Die Beteiligten streiten über die Aufnahme des Klägers als Pflichtversicherter.

Der im Februar 1954 geborene Kläger war ursprünglich in der Sozialversicherung der DDR, dann bei der AOK und vom 9. Dezember 1996 bis 30. November 2004 bei der Beklagten versichert. Nachdem das Beschäftigungsverhältnis des Klägers Anfang des Jahres 2004 geendet hatte, bezog er zunächst Arbeitslosengeld und machte sich dann selbständig. Die Bundesagentur für Arbeit bewilligte für die Aufnahme einer selbständigen Tätigkeit ab dem 13. April 2004 für die Zeit vom 13. April 2004 bis zum 12. April 2007 einen Existenzgründungszuschuss.
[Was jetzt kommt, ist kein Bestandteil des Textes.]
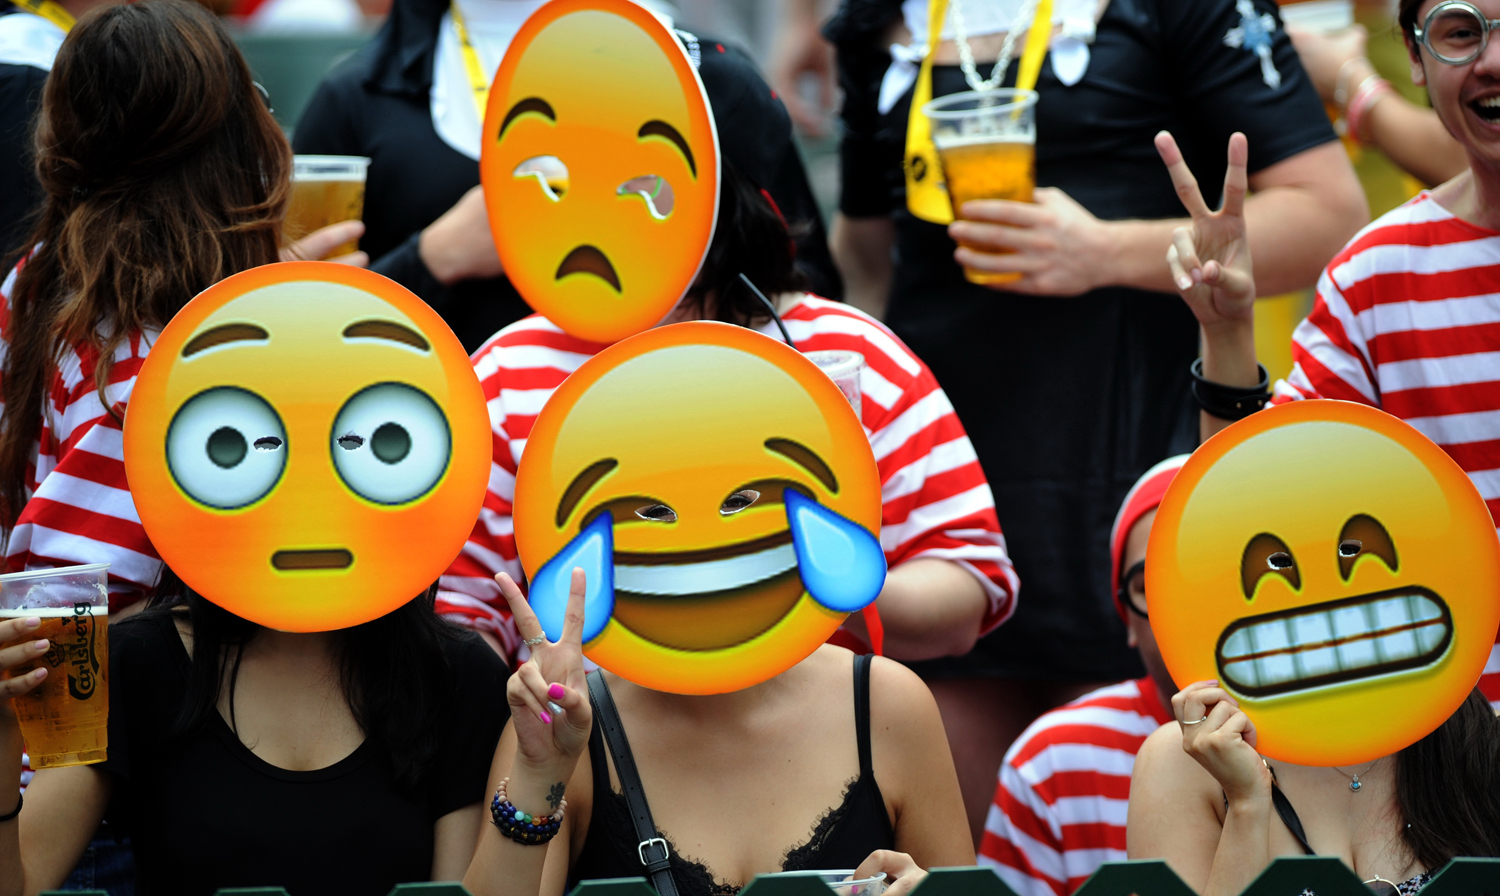 Fans wearing emoji masks watch a rugby match of the Hong Kong Seven in Hong Kong on March 28, 2015 (Stringer—AP)

Als hauptberuflich selbständiger Erwerbstätiger blieb der Kläger zunächst bei der Beklagten versichert und wechselte dann zum 1. Dezember 2004 in die private Krankenversicherung.

Zum 1. Dezember 2007 erklärte der Kläger, Angestellter der R L zu sein und die IKK-Direkt als seine zuständige Krankenkasse zu wählen, die ihm am 4. Dezember 2007 eine Mitgliedsbescheinigung übersandte. Durch Bescheid vom 1. Juli 2008 beurteilte die IKK-Direkt die Tätigkeit bei der R L jedoch als versicherungsfrei, da der Kläger 100% des Stammkapitals der Gesellschaft halte. Einen Antrag auf freiwillige Mitgliedschaft lehnte die IKK-Direkt durch Bescheid vom 18. Juli 2008 ab, da der Wechsel von einem privaten Versicherungsunternehmen zur freiwilligen Versicherung bei einer gesetzlichen Krankenkasse grundsätzlich nicht möglich sei.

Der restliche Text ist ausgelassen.